Dialogue Coaching Call: ‘Who is my self?’

While facilitating a dialogue coaching call today, I found further evidence that everyone struggles with who they are. People are caught between conflicting personalities, resulting in the occasional discomfort or confusion. After my coachee reflected on the question “Who is my self?” while taking a brief walk in the afternoon air, she identified an internal conflict: her authentic self and ideal self. While authentically loyal, goal-orientated, determined and sometimes selfish, she strives to strike a balance with her ideal self to ensure a meaningful yet altruistic life. “Ideally, we’re all here to serve each other for some sort of synergy,” she said.

As her coach, my job was to help her understand the act of presencing, the practice of coming into presence. To be present, we must be attentive and mindful of our distracting thoughts, such as our conditioned understandings. We must think, not thought. Feel, not felt. By listening, mirroring, summarizing, and questioning my coachees’ understanding of her self, I attempted to elevate her from the role of participant to bystander in her own life.
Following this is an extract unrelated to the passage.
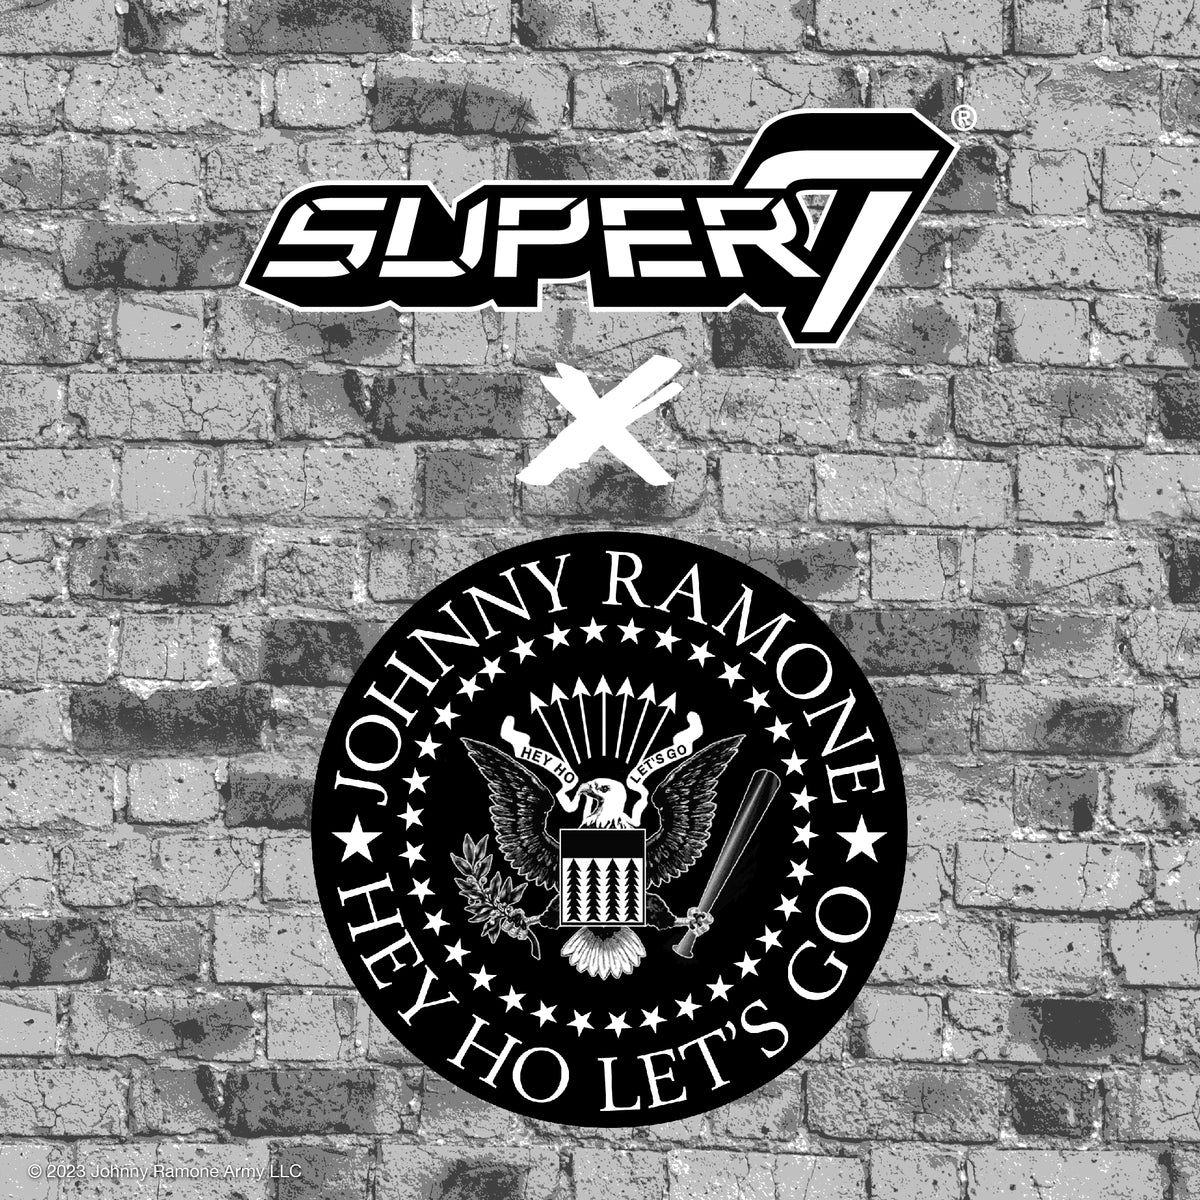 Super7 ReAction: Ramones - Johnny Ramone

I encouraged new perspectives. I provided opportunities for deeper reflections, and then catalyzed our experience by hinting areas for her personal growth.

My coachee is largely work driven, quickly answering “Who is my self?” with career ambitions. She’s currently focused on creating a more cohesive environment by identifying common goals among her employees. But the team atmosphere keeps dissolving within operational pressures. I asked where that pressure may originate from. She said it’s likely due to working with people who are passionate about their jobs and invested in their own ideas. Could passion cause the pressure? While passion often leads to great accomplishments, it can also create an Achilles’ heel, a weakness to overall cohesive strength. How do we ventilate that pressure? It takes a conscious effort by everyone to impart empathy. Great successes depend on more than one person. Everyone is part of everything. And a person’s actions may not affect just one system of beings, but the entire human experience.
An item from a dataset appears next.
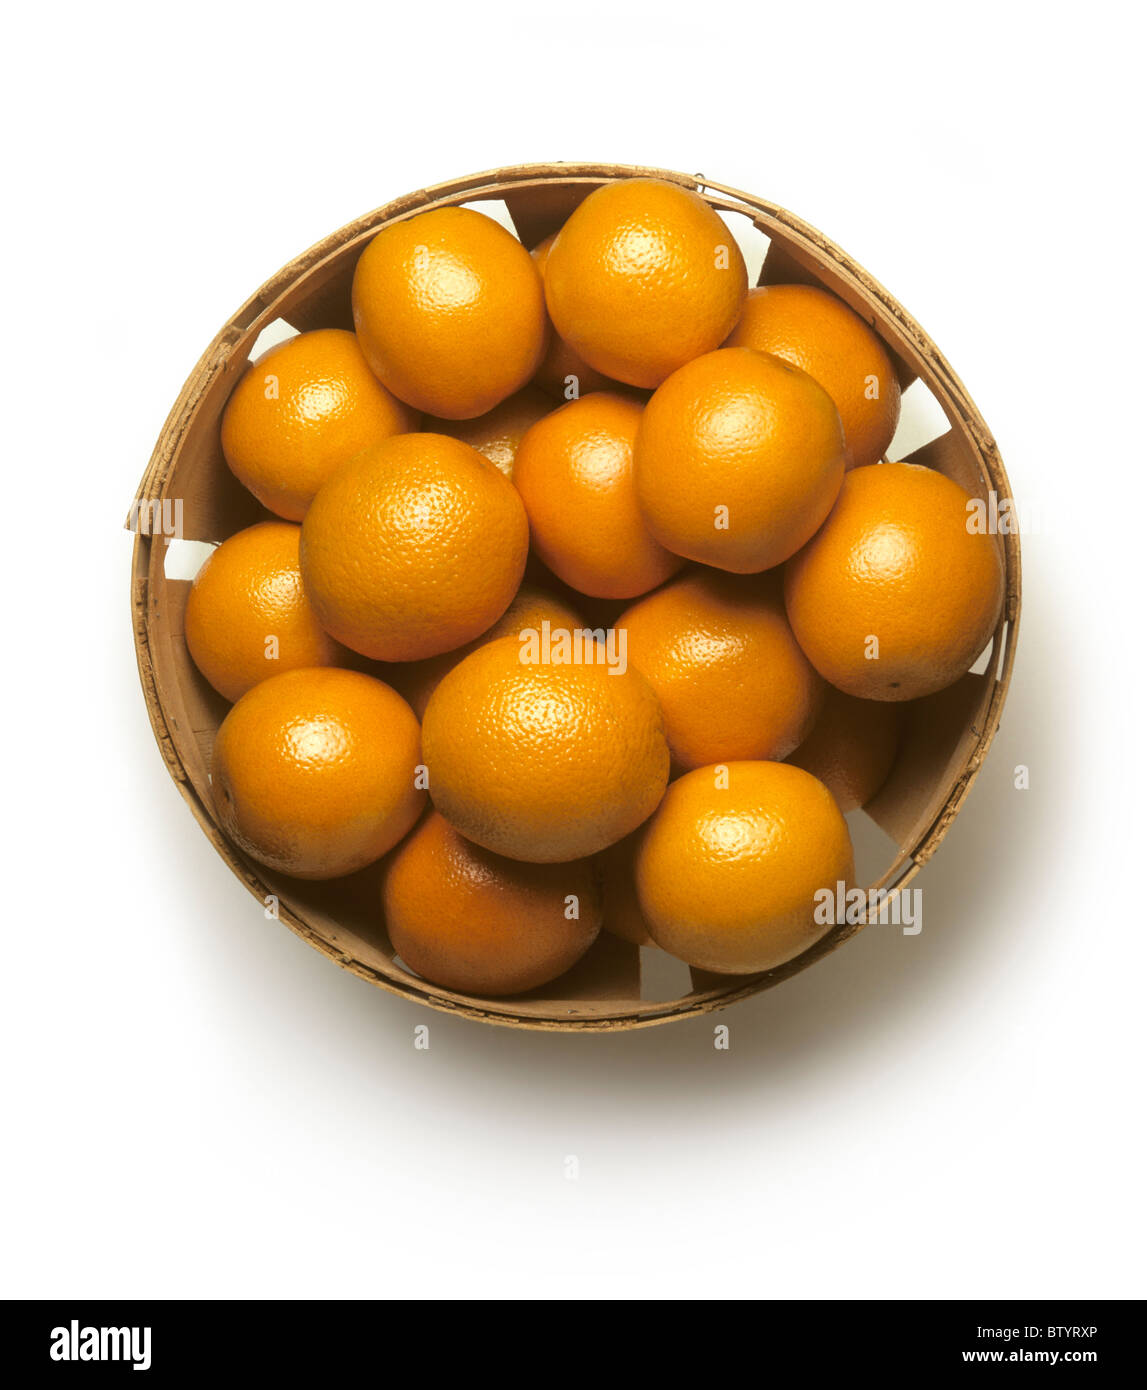 Bushel basket of fresh California oranges on a white background Stock Photo

Great successes depend on more than one person. Everyone is part of everything. And a person’s actions may not affect just one system of beings, but the entire human experience.

To build perspective, I turned to Nazi Germany. It offers an example of becoming a dangerous instrument to a will that’s not your own. People became robots incapable of a generative context; they were dehumanized. Just like Hitler’s secretary, people are easily snagged into situations where they justify their actions by a need to just keep things going, to protect what exists. We identified how many lives today serve something other than life. Corporations making money for the sake of making money. Political and religious organizations guarding their platforms by ignoring opposing views. Many people lose touch with their feelings, their senses. They just go through the motions, perfectly comfortable wrapping themselves in habit and predictability. Unfortunately, they often become highly confrontational when challenged to uncover their feelings and return to their senses.
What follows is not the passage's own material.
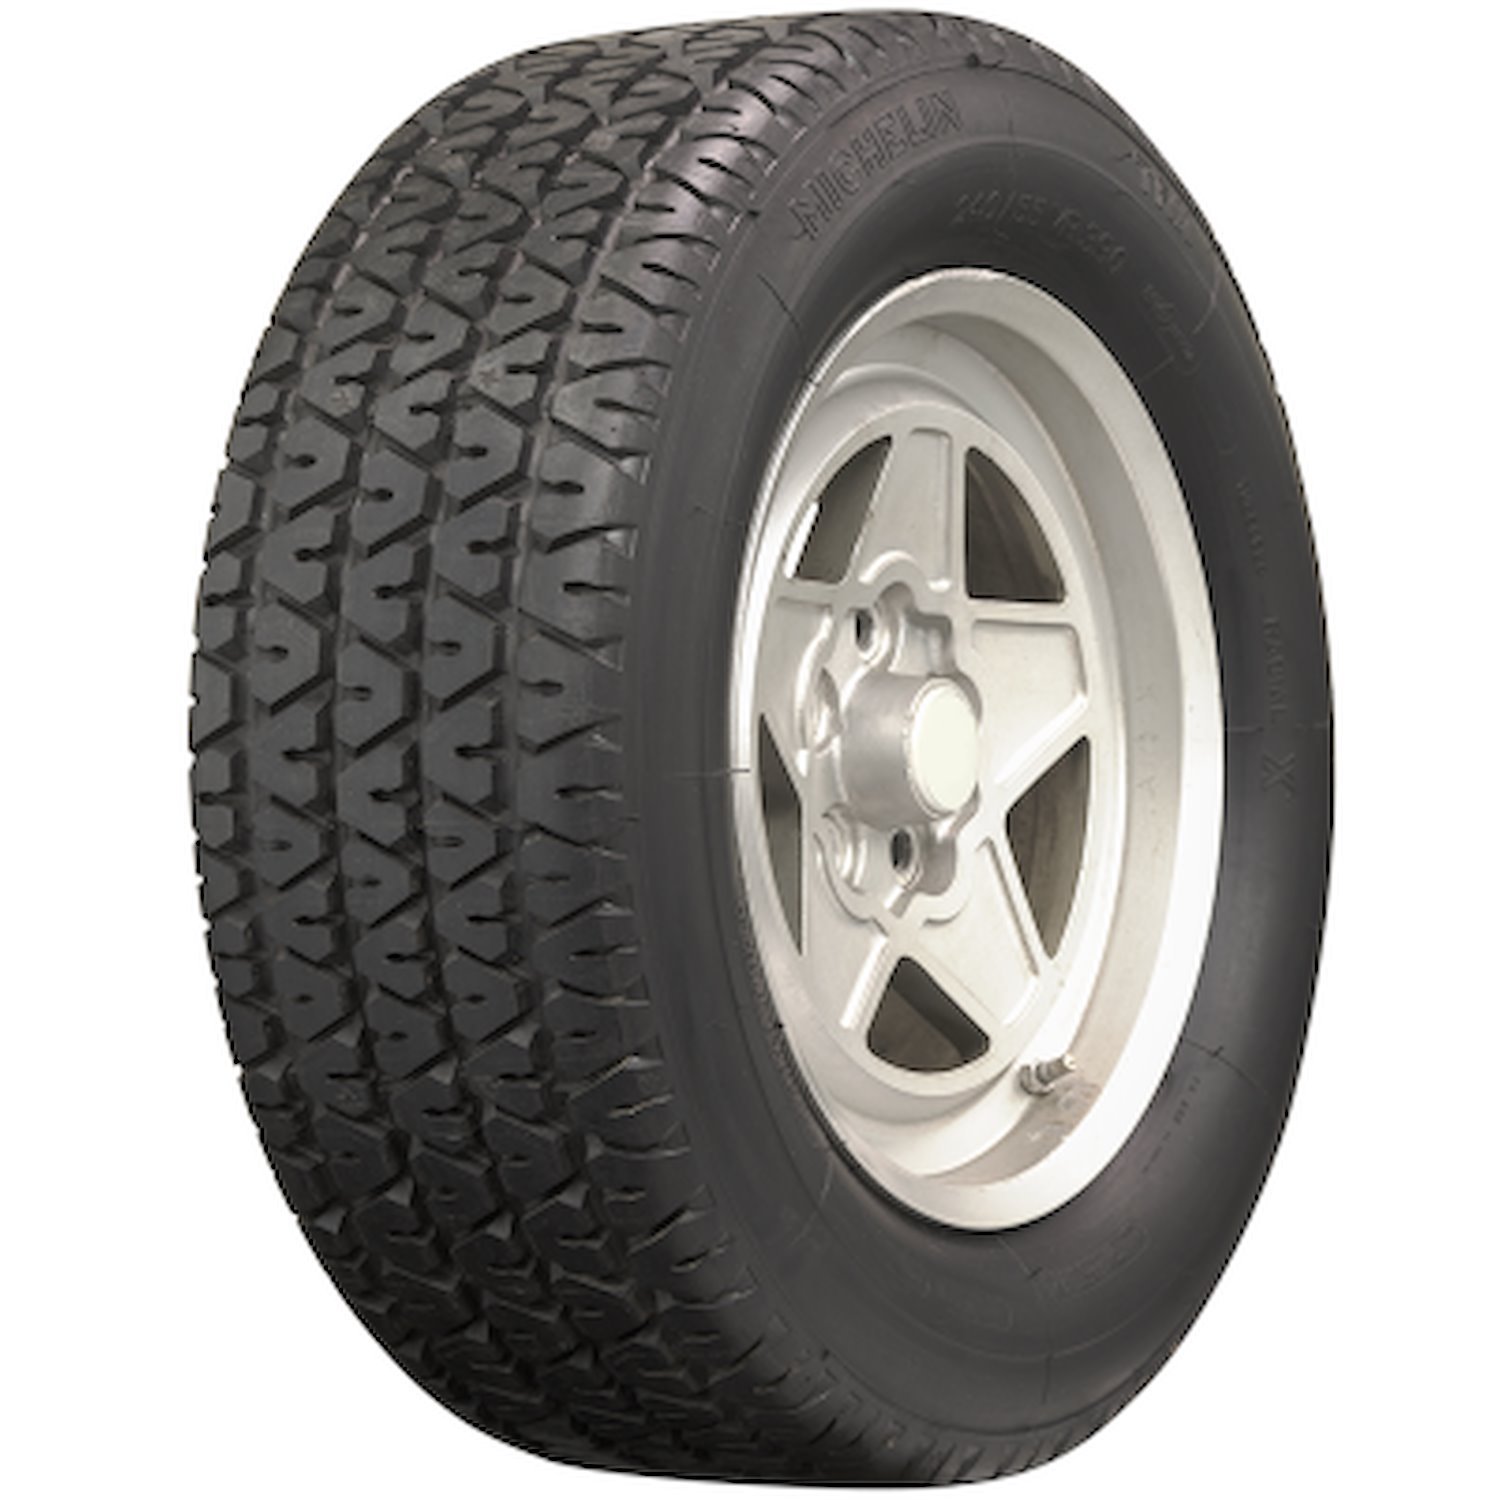 631944 Tire, Michelin TRX-B, 200/60VR390 90V

That’s why, explained my coachee, I must always consider my ideal self, my more divergent and selfless part of everything. Am I being honest with myself and aware of my actions? How are others perceiving my actions? While struggling to maintain a balance between her actual and ideal self, she says it’s important to know where your heart is leading you. During periods of meditation, yoga and running, she routinely reflects on her authentic self, comparing it to her ideal. To ensure her peaks in passion aren’t blocking her ability to reason, she’ll try to remain more open to input form others. During our dialogue process, she identified three questions to consciously raise her self awareness and achieve balance in her life:

  • Who do I think I am (authentic self)?
  • Who do my actions represent (ideal self)?
  • Who do my actions represent to others (perception)?